> _WHAT THE EXERCISE ASKS_
The listing that follows should be copied in full and exactly, with no pictures.

(Beginning of DATASET EXCERPT)

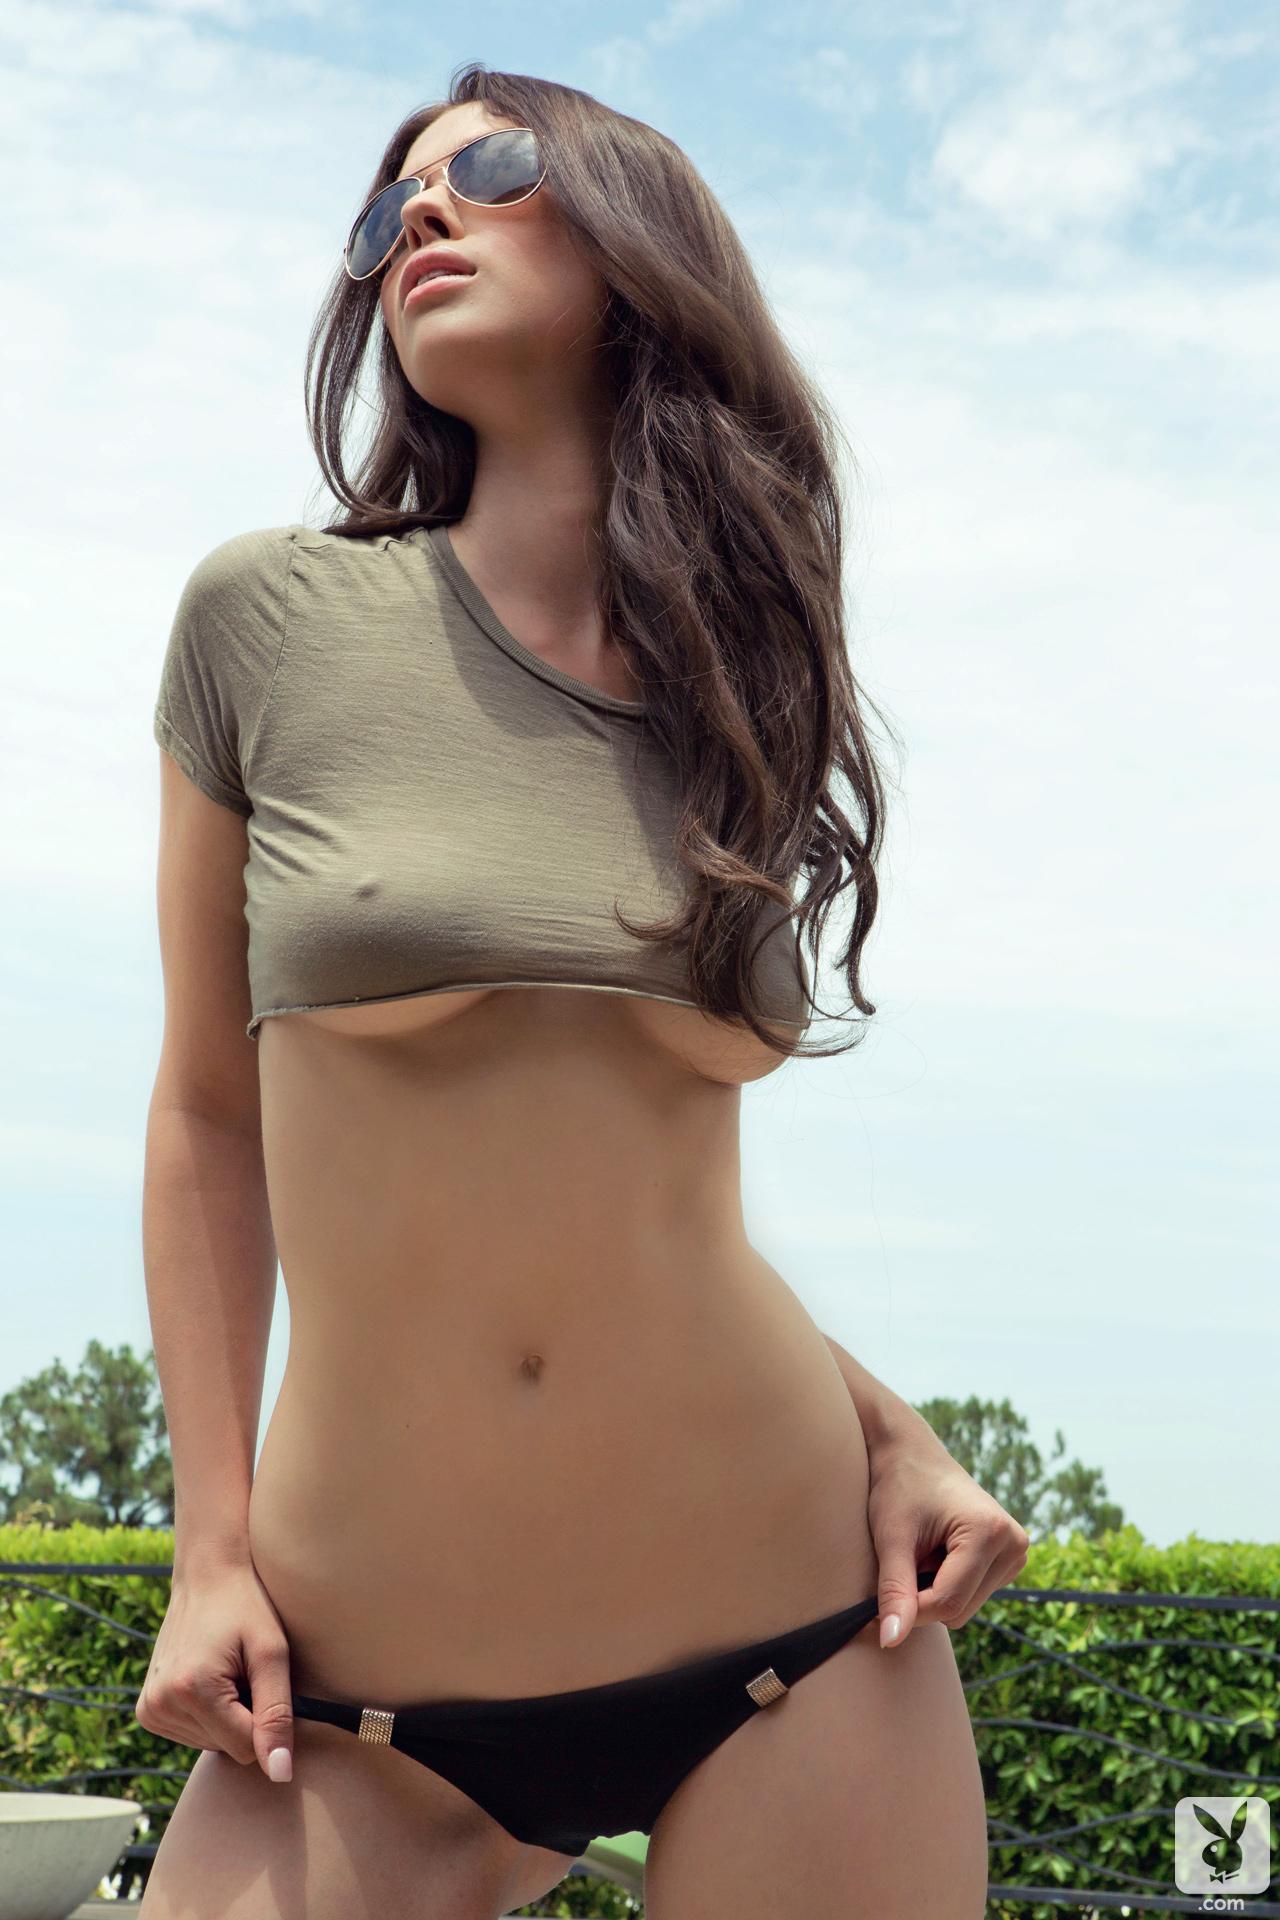 Сексуальные девушки екб 1 фотография
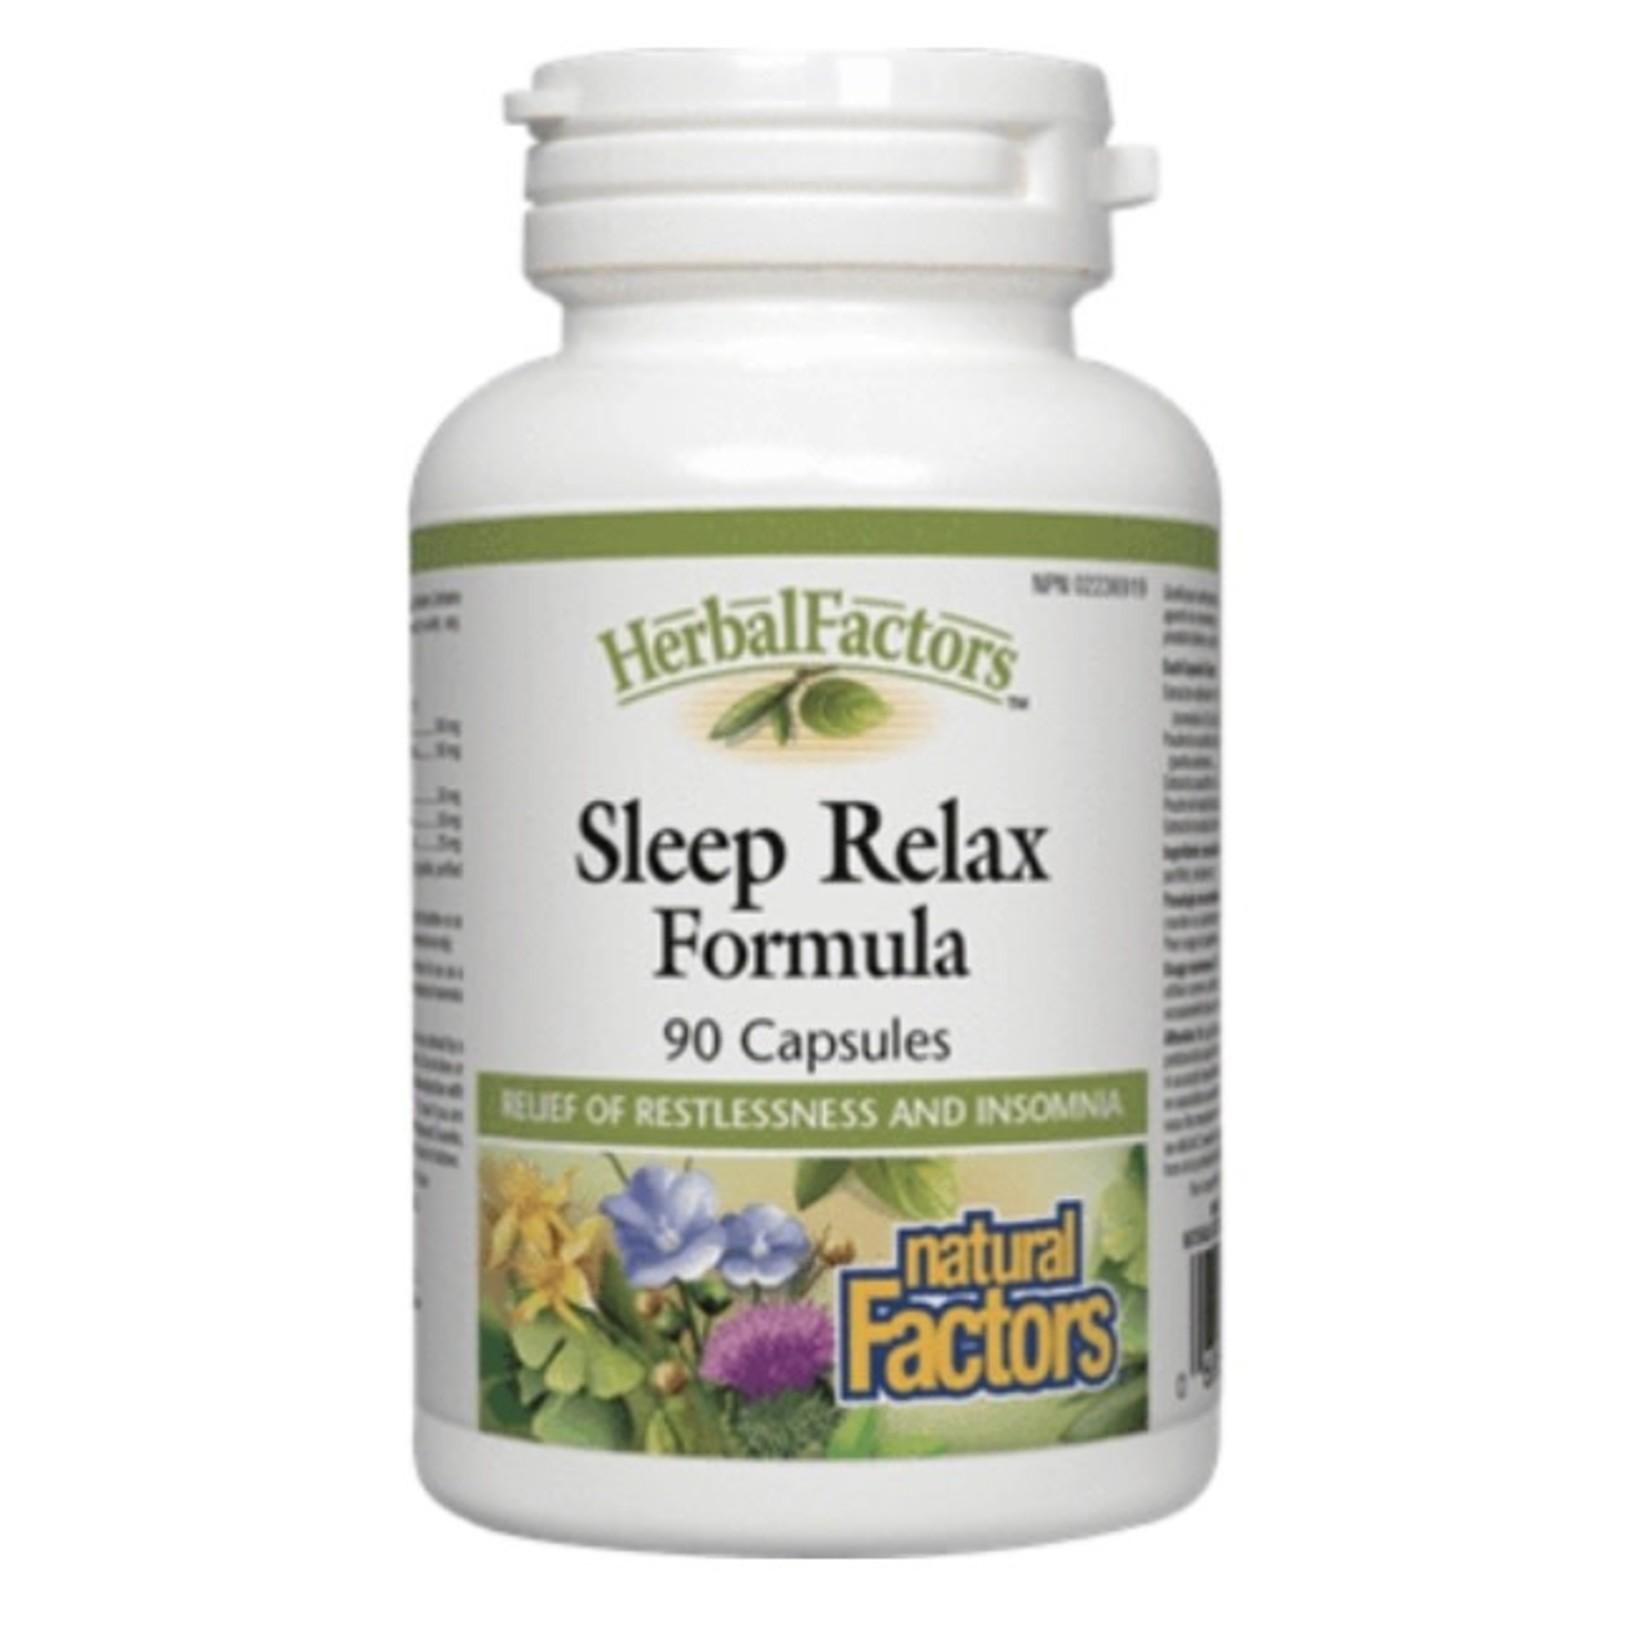 Natural Factors Natural Factors Sleep Relax Formula 90 caps
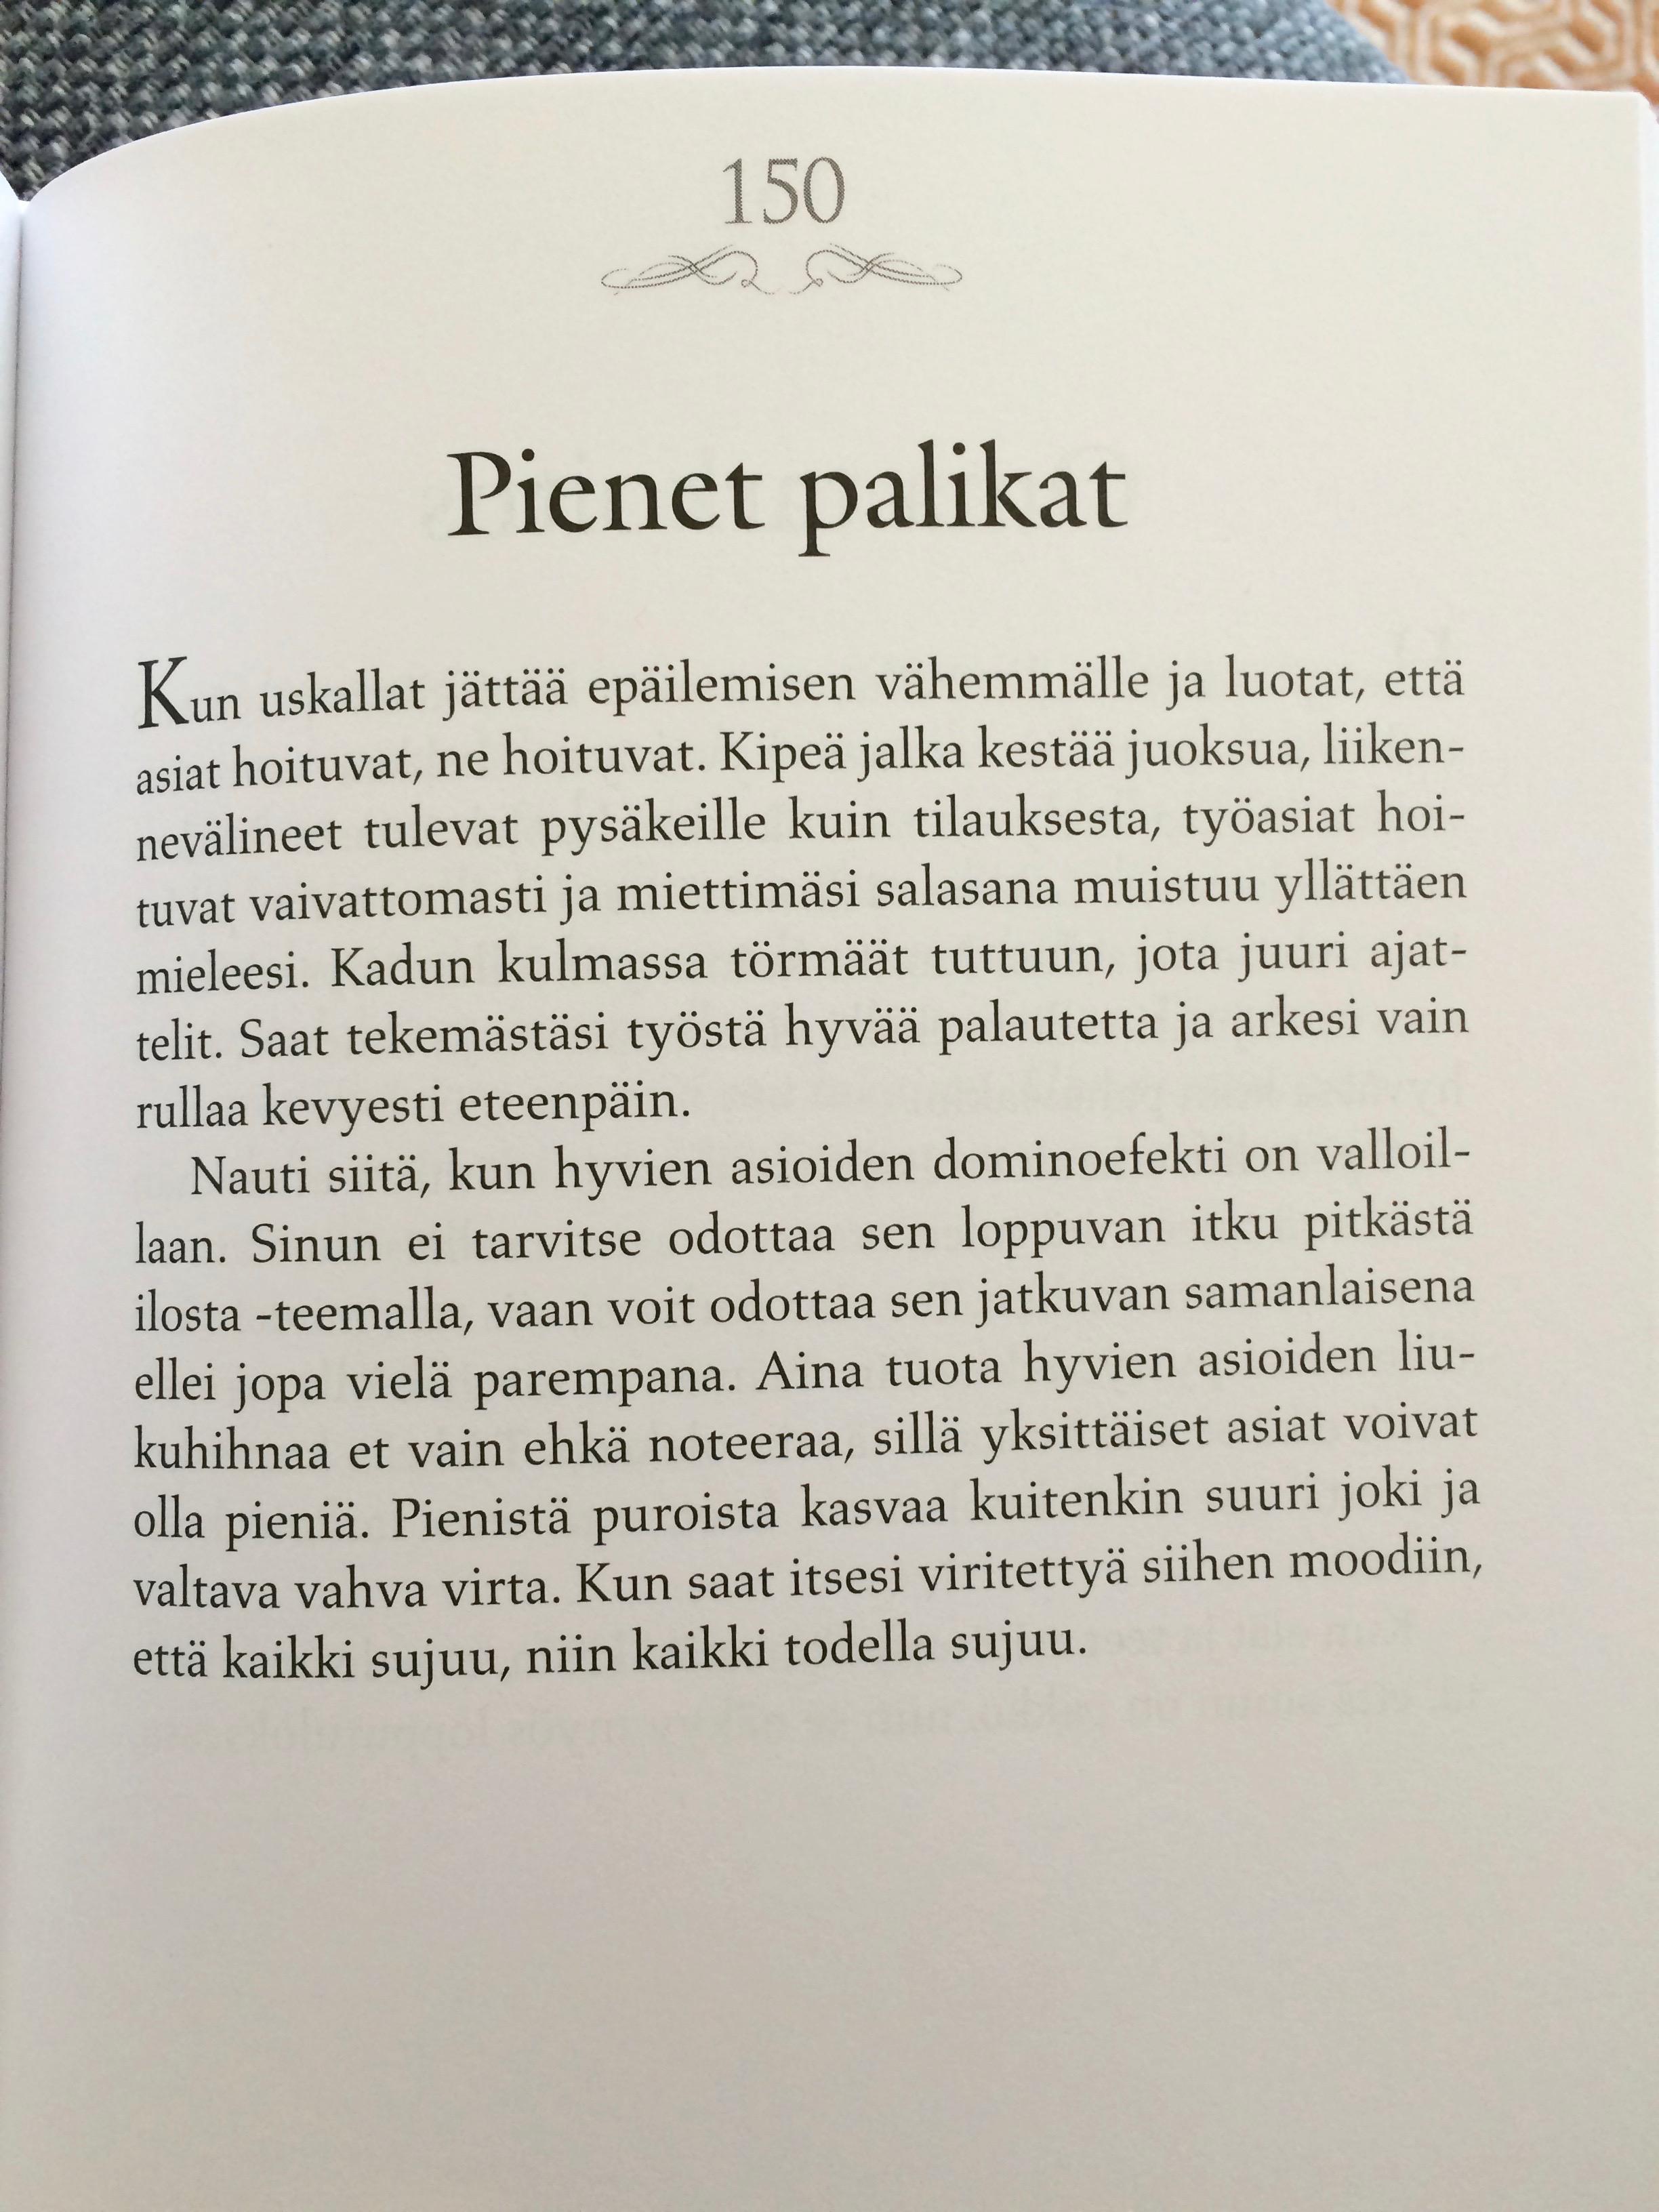 Kas, pitäisi useammin lukea omia kirjoituksiani! Tämä osuva tähän hetkeen. (Sisäinen voima - 365 ajatusta parempaan arkeen (Readme.fi).

(End of DATASET EXCERPT)

> _RESPONSE TO THIS EXERCISE_
 Сексуальные девушки екб 1 фотография
 Natural Factors Natural Factors Sleep Relax Formula 90 caps
 Kas, pitäisi useammin lukea omia kirjoituksiani! Tämä osuva tähän hetkeen. (Sisäinen voima - 365 ajatusta parempaan arkeen (Readme.fi).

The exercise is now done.